:: TASK GOAL ::
Without any of the pictures, set down the data below exactly.

:: GIVEN DATA ::

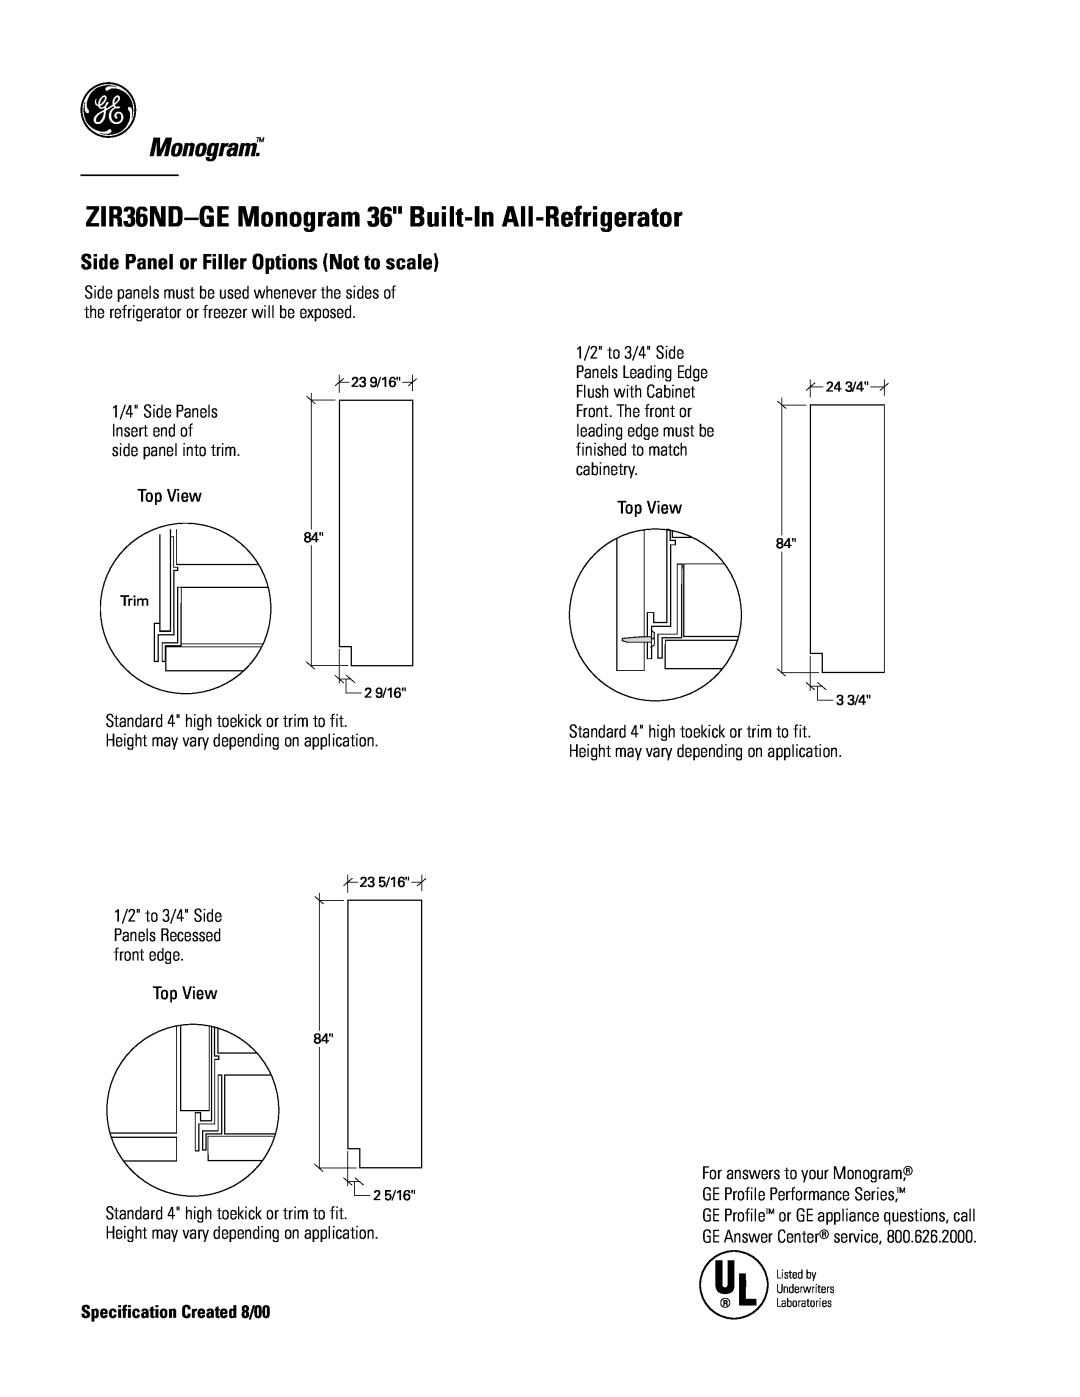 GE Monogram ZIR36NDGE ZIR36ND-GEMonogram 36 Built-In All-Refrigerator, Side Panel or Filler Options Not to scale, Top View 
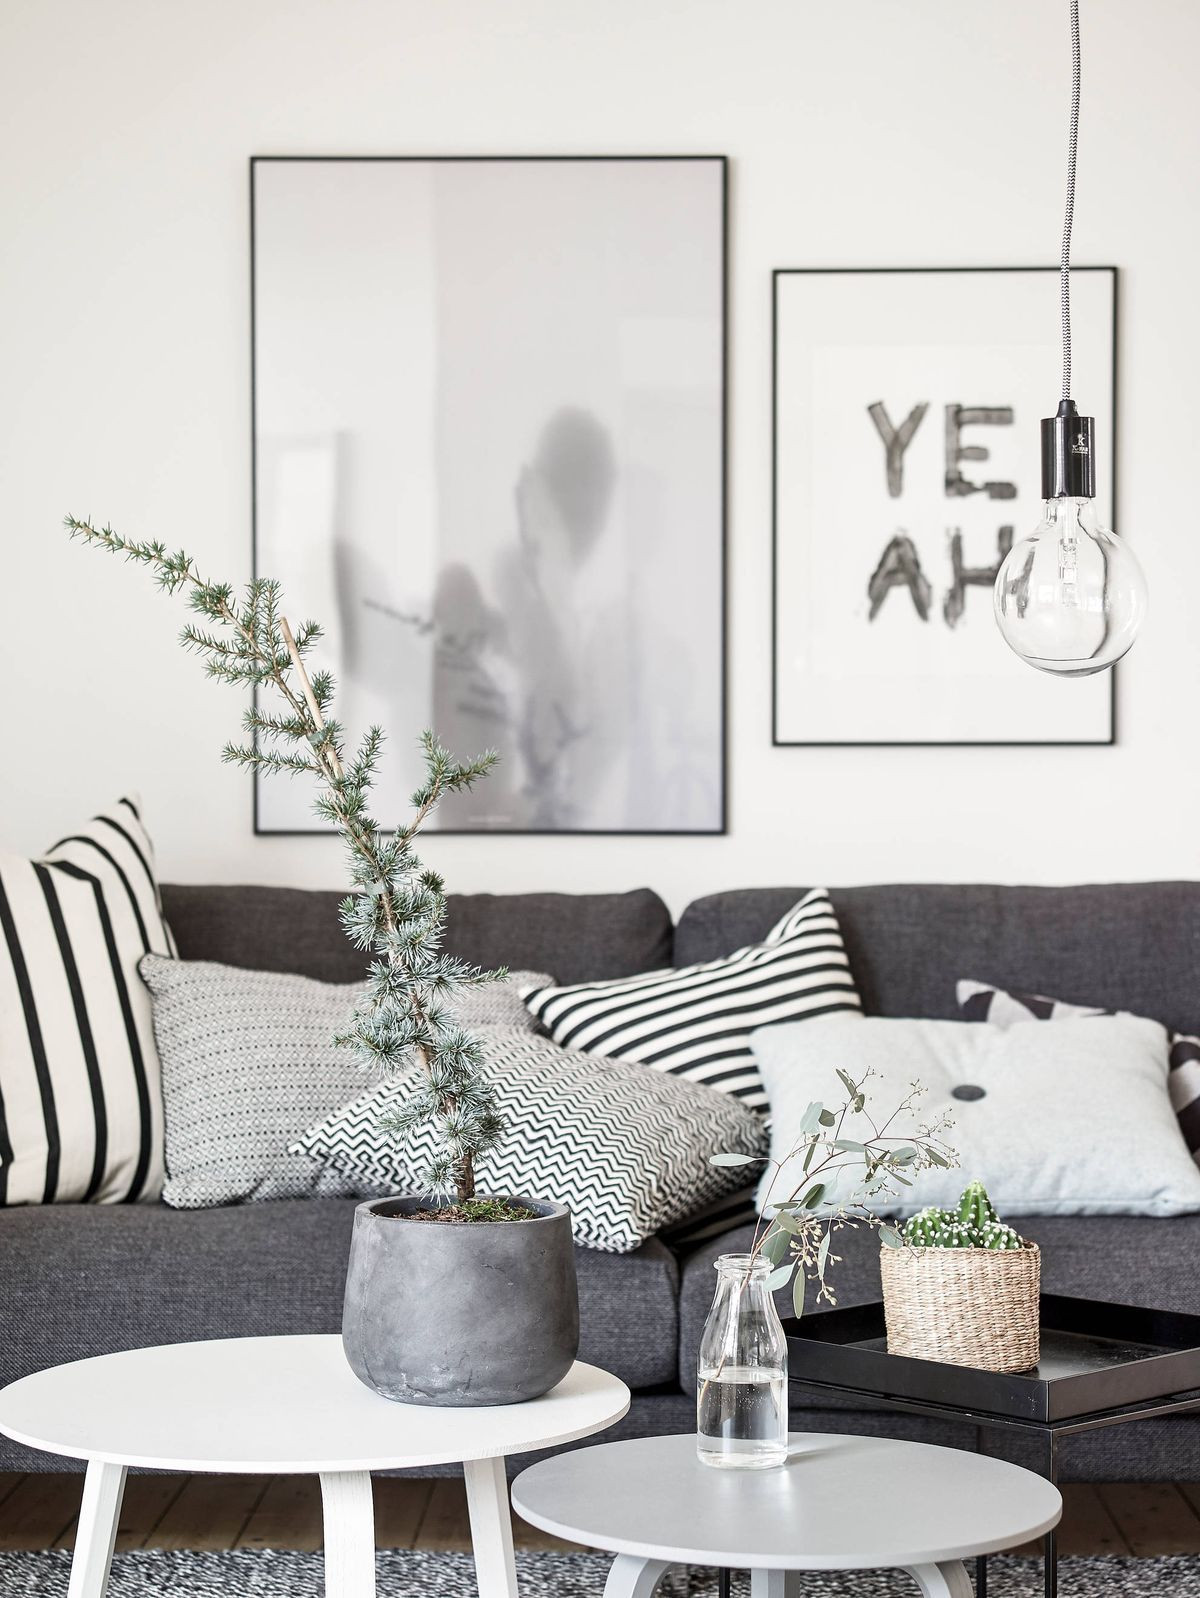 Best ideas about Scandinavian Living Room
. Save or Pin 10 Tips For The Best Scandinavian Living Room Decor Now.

:: TASK SOLUTION ::
 GE Monogram ZIR36NDGE ZIR36ND-GEMonogram 36 Built-In All-Refrigerator, Side Panel or Filler Options Not to scale, Top View 
 Best ideas about Scandinavian Living Room
. Save or Pin 10 Tips For The Best Scandinavian Living Room Decor Now.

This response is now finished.